I don't have a good ref handy, but you can get a start by applying a bit of common sense. Censored data is most commonly found in medical studies of lifespan, for example, how long people will on average live who take up tobacco smoking. The censoring comes about when we have limited time periods for the data collected; when this data is used beyond the censored region you generally run into problems. The tobacco studies would go on for 10 years or so, and the statisticians would collect enough data to try to project death rates in the future. The results become problematic when the extrapolator assumes a linear projection whereas in reality the actual data could vary non-linearly. You really can't go too far outside the censoring window, without having some pretty good assumptions to back the projections up.
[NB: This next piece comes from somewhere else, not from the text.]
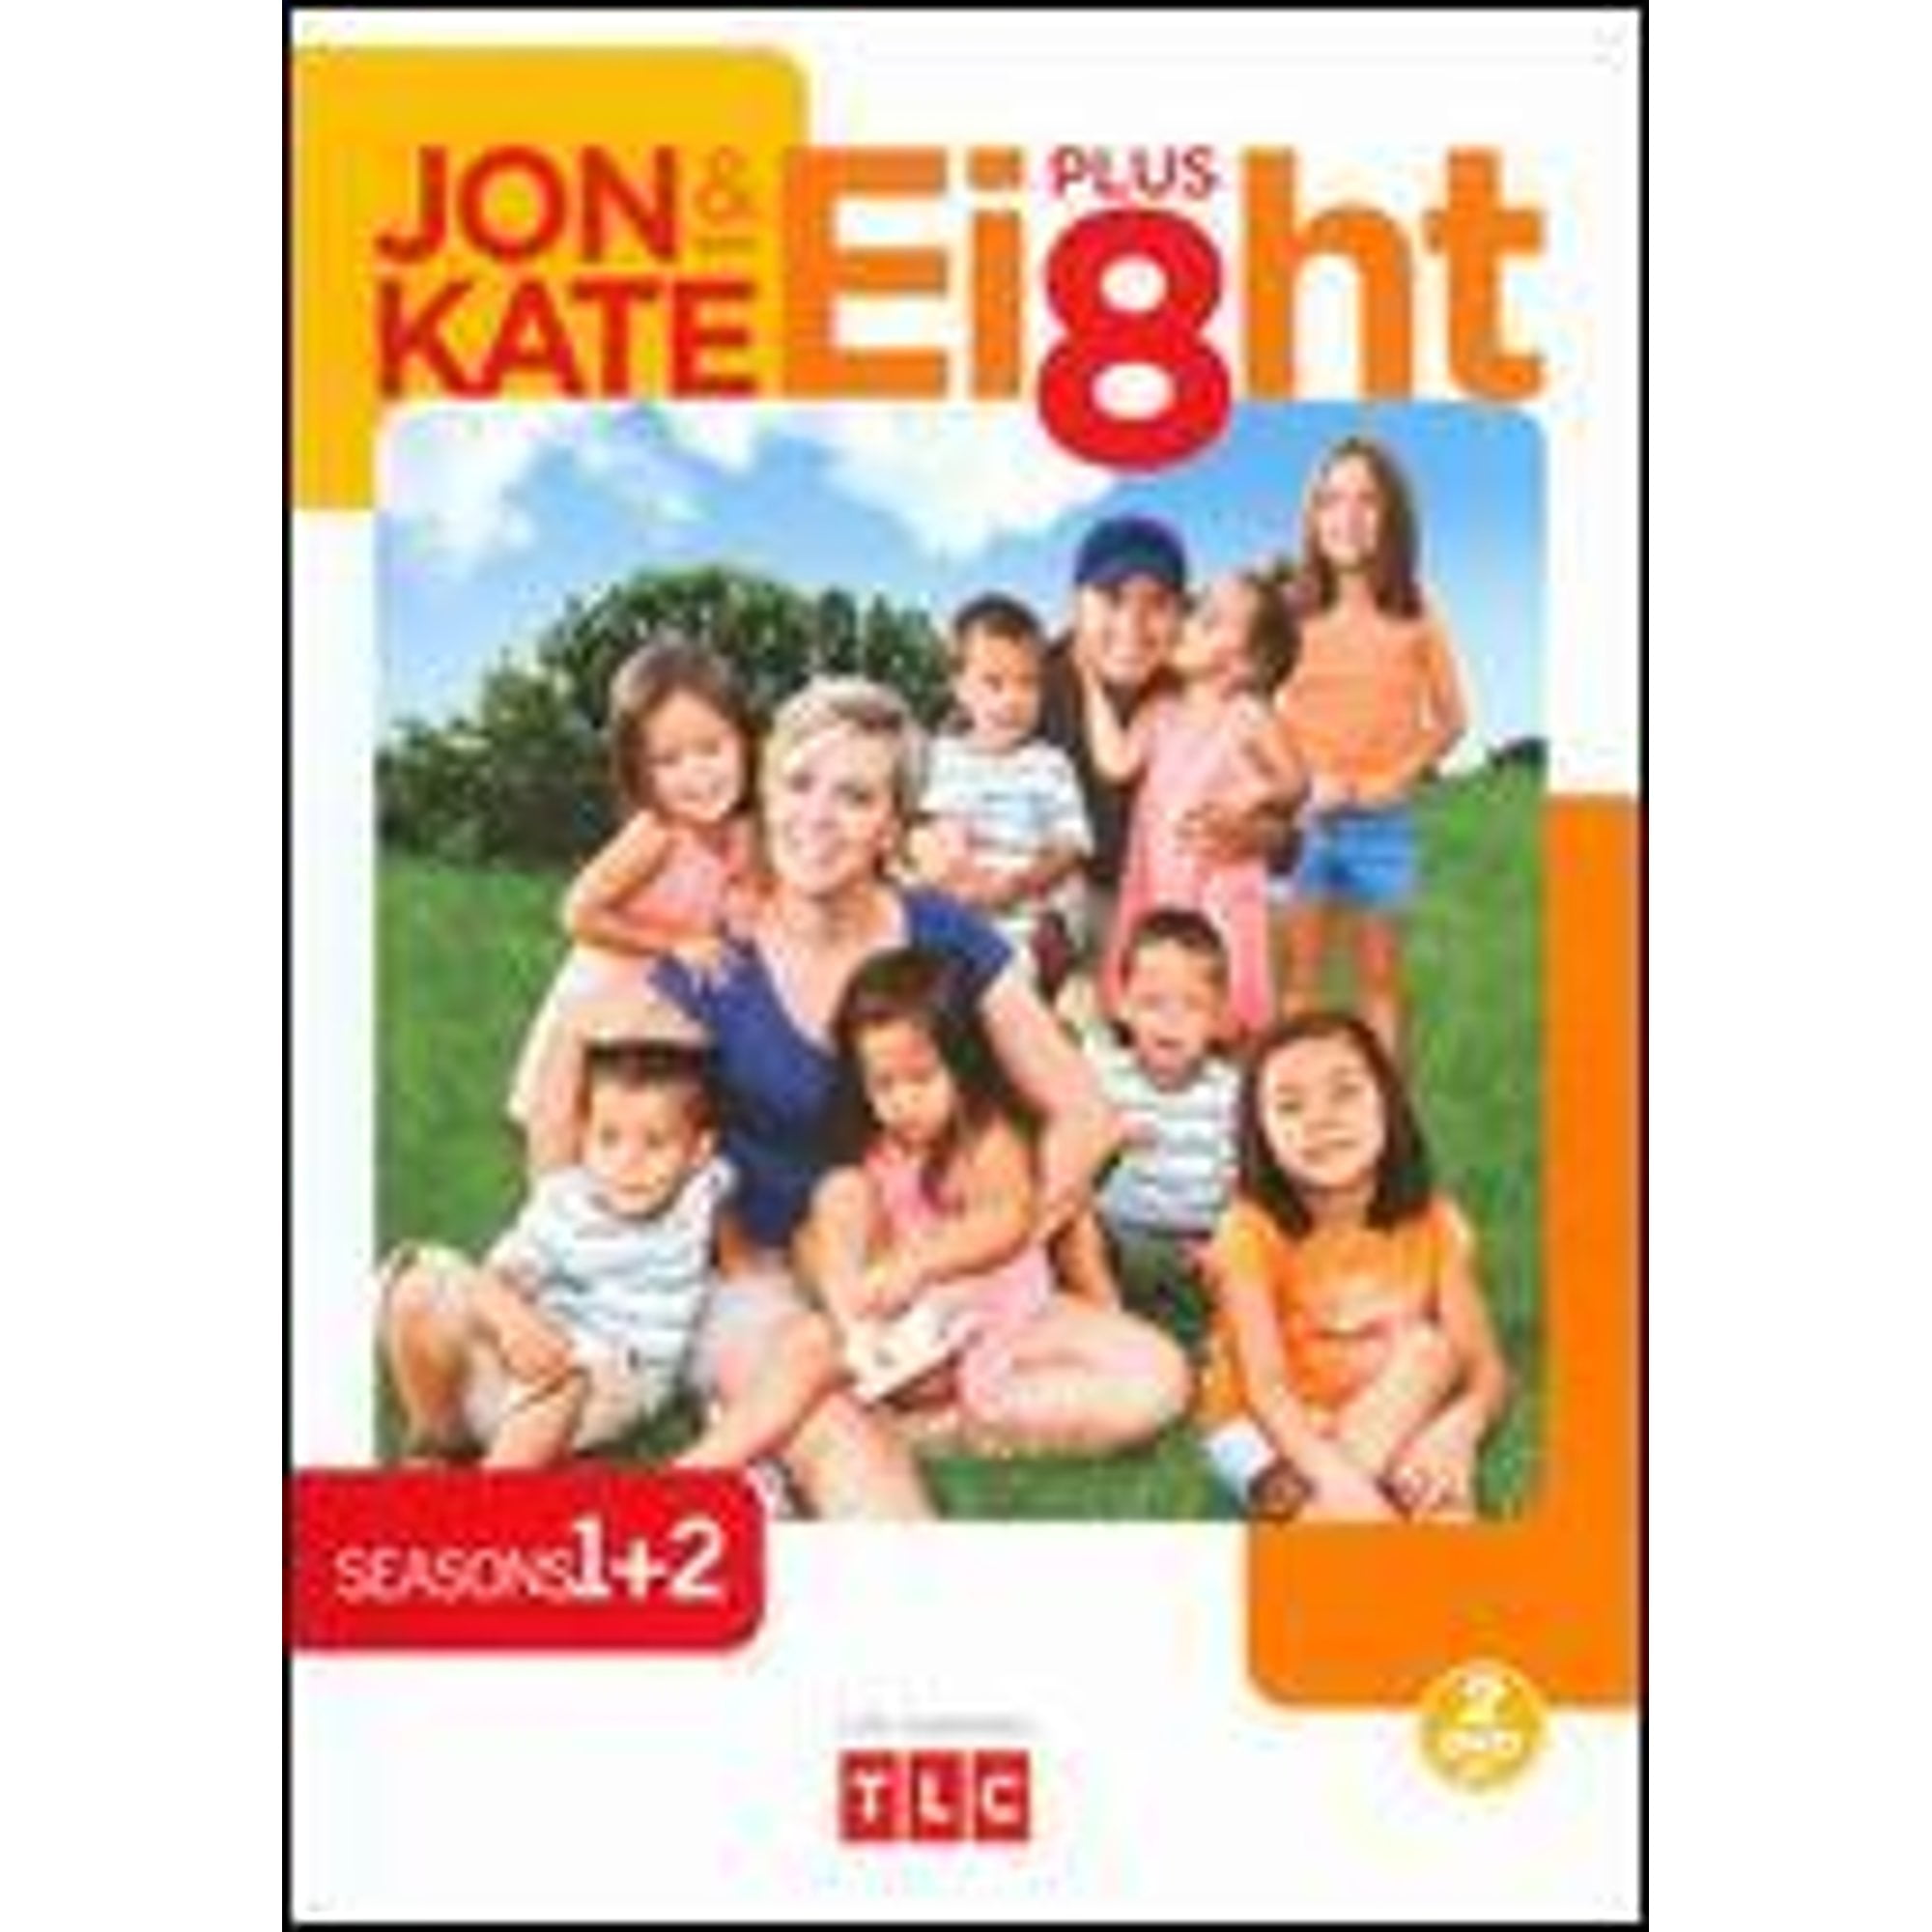 Jon & Kate Plus Ei8ht: Jon & Kate Plus Eight : Seasons 1 & 2 (DVD video ...
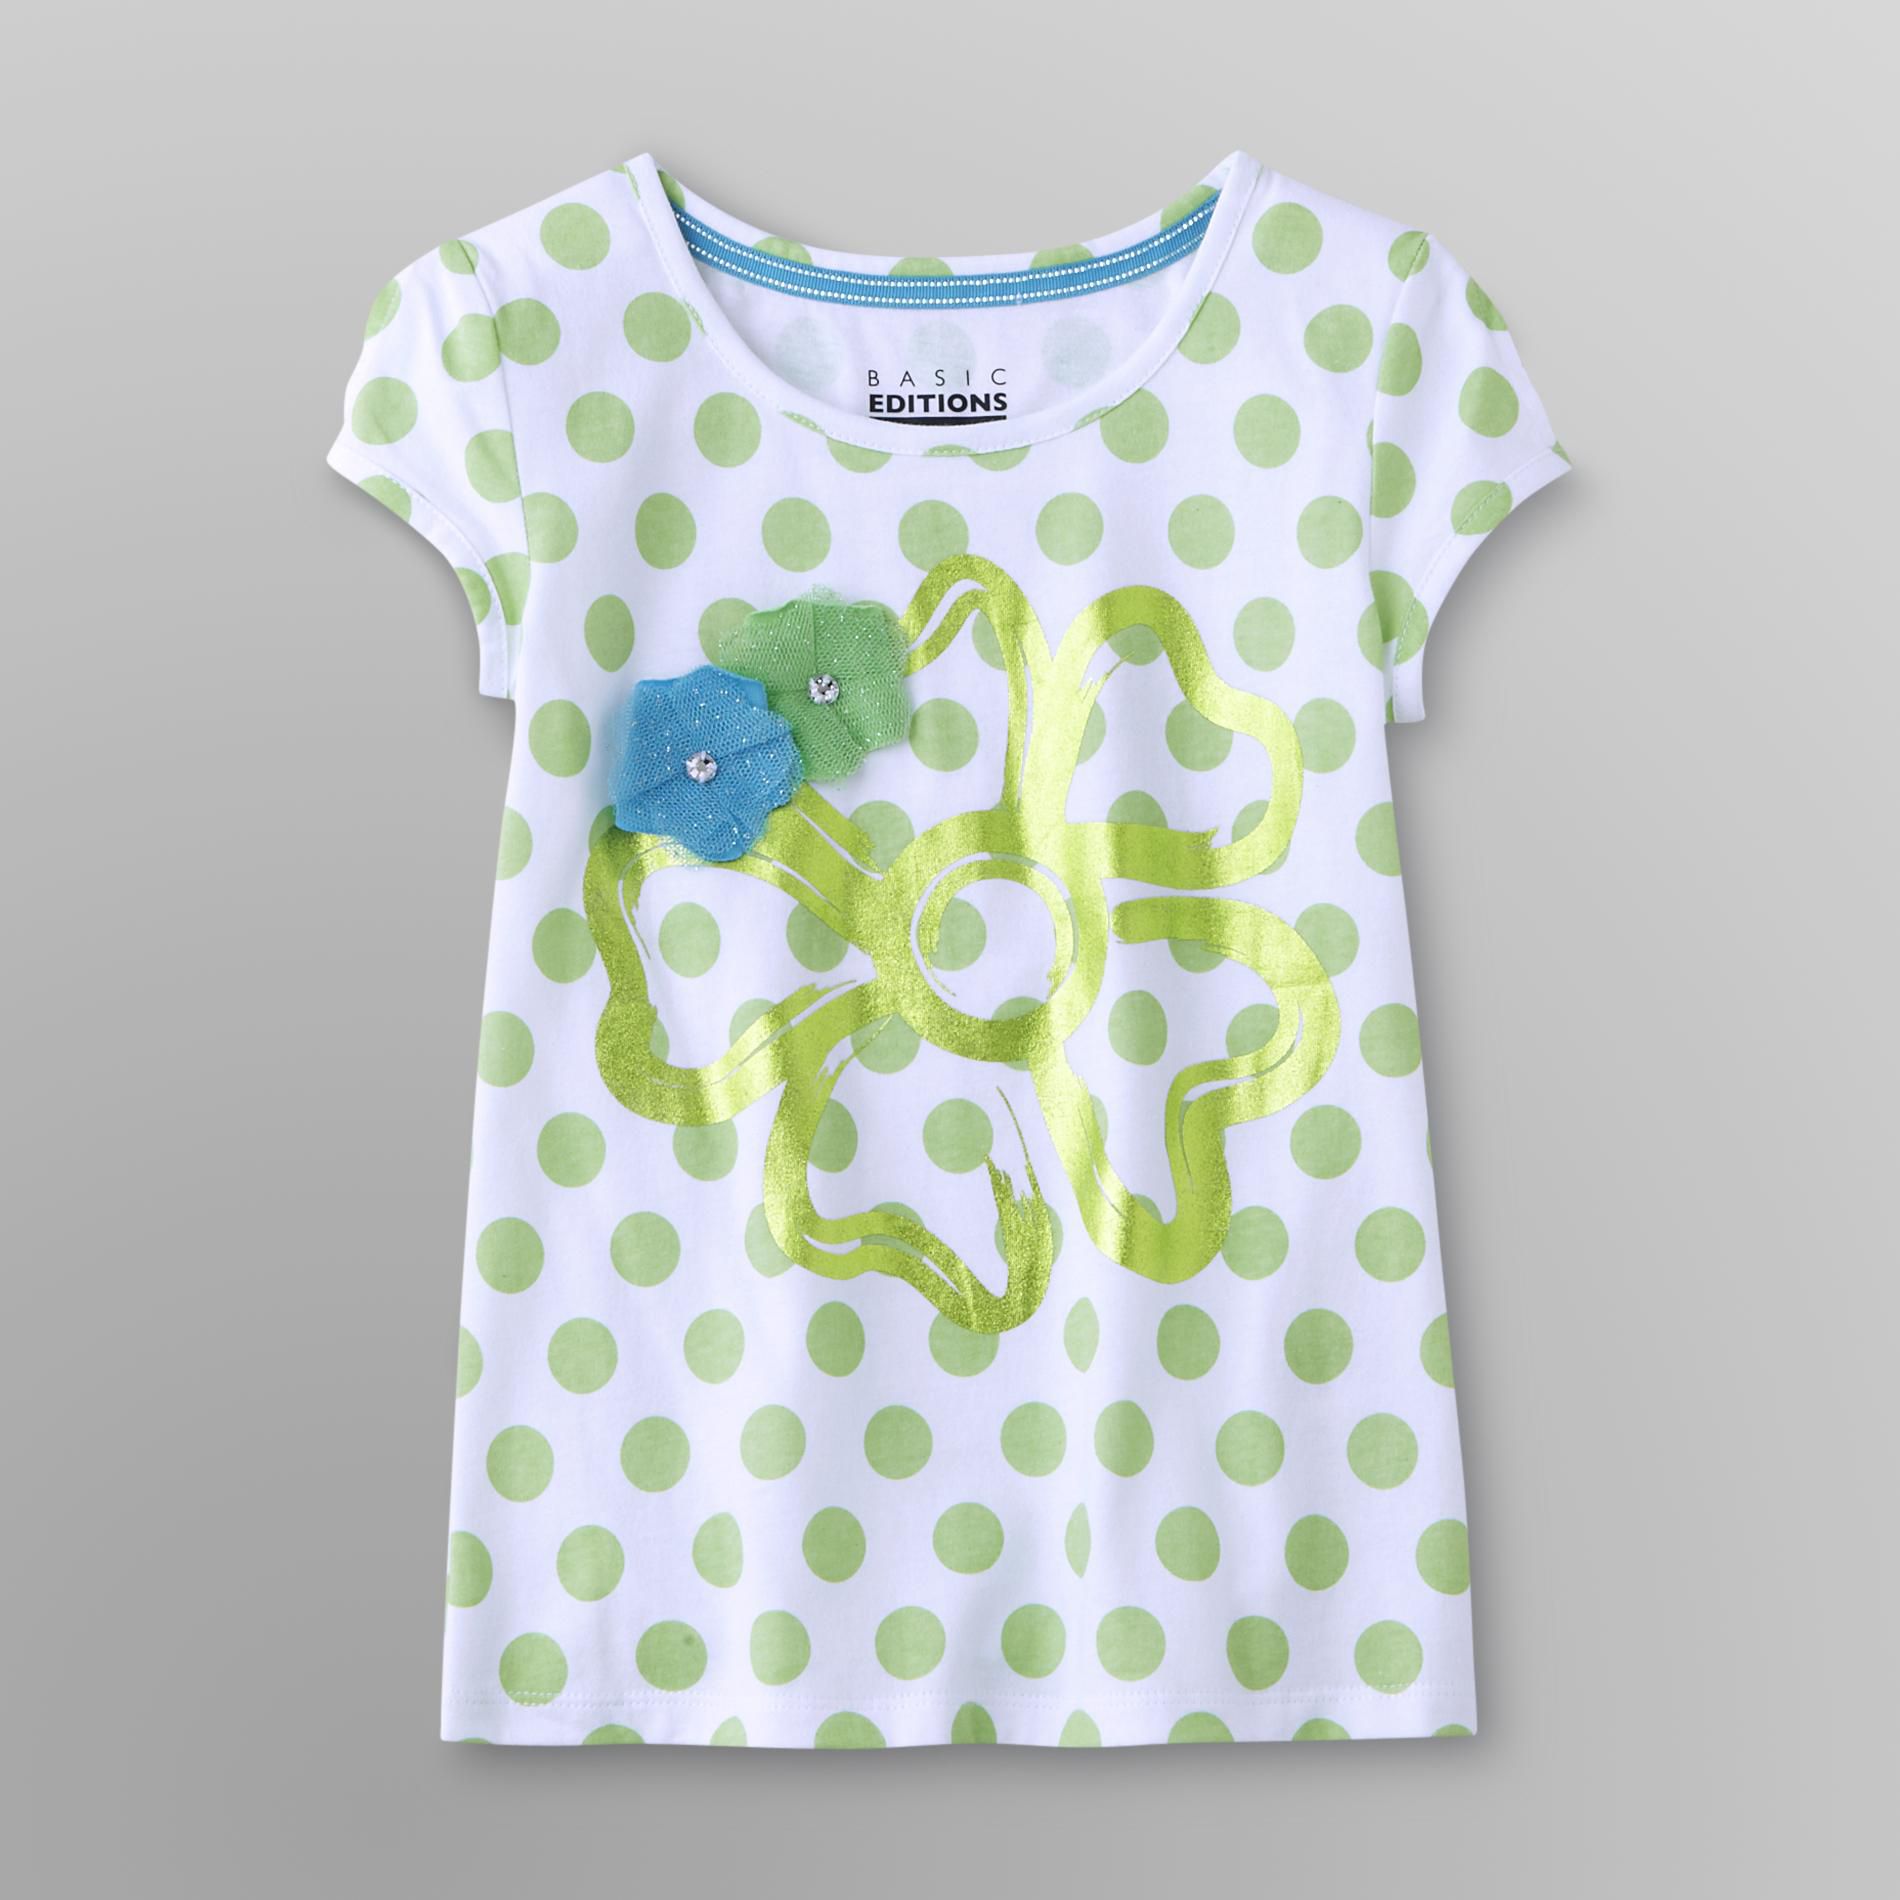 Basic Editions Girl's T-Shirt - Polka Dot

This Wiki entry talks about discarding censored data properly in the context of a Kaplan-meier estimator for survivability analysis:
http://en.wikipedia.org/wiki/Kaplan-Meier_estimator
Censoring in reserve growth projections come about when a narrow window starting in the 1970's along with ongoing production data from wells discovered pre-1910 was used by Attanasi & Root to extrapolate reserve growth at the 80+ year mark. Even though they had no supporting data from reserve growth from 1910 to 1970, the spurts of reserve growth in the old wells during the 1970's allowed them to make cumulative reserve growths that appeared to keep tracking upward. But in reality those missing (i.e. censored) years could have shown any arbitrary amounts of growth -- including zero.
The only real way to deal with censored data is to get data from different periods of time, say from different experiments, and try to piece those together with any ingenious techniques you have at your disposal. Only then can you get a true empirical estimate of the growth. The problem with oil is we only have that window starting in the 1970's

From A&R, x-axis is the censored window, curves show raw reserve growth rates of USA oil regions of various vintage
Global warming researchers know how to piece together censored data. They can take recent CO2 samples, mix them with old ice core samples, and put together a fairly complete view of how CO2 varied over history. Oil people apparently don't have this kind of sophistication.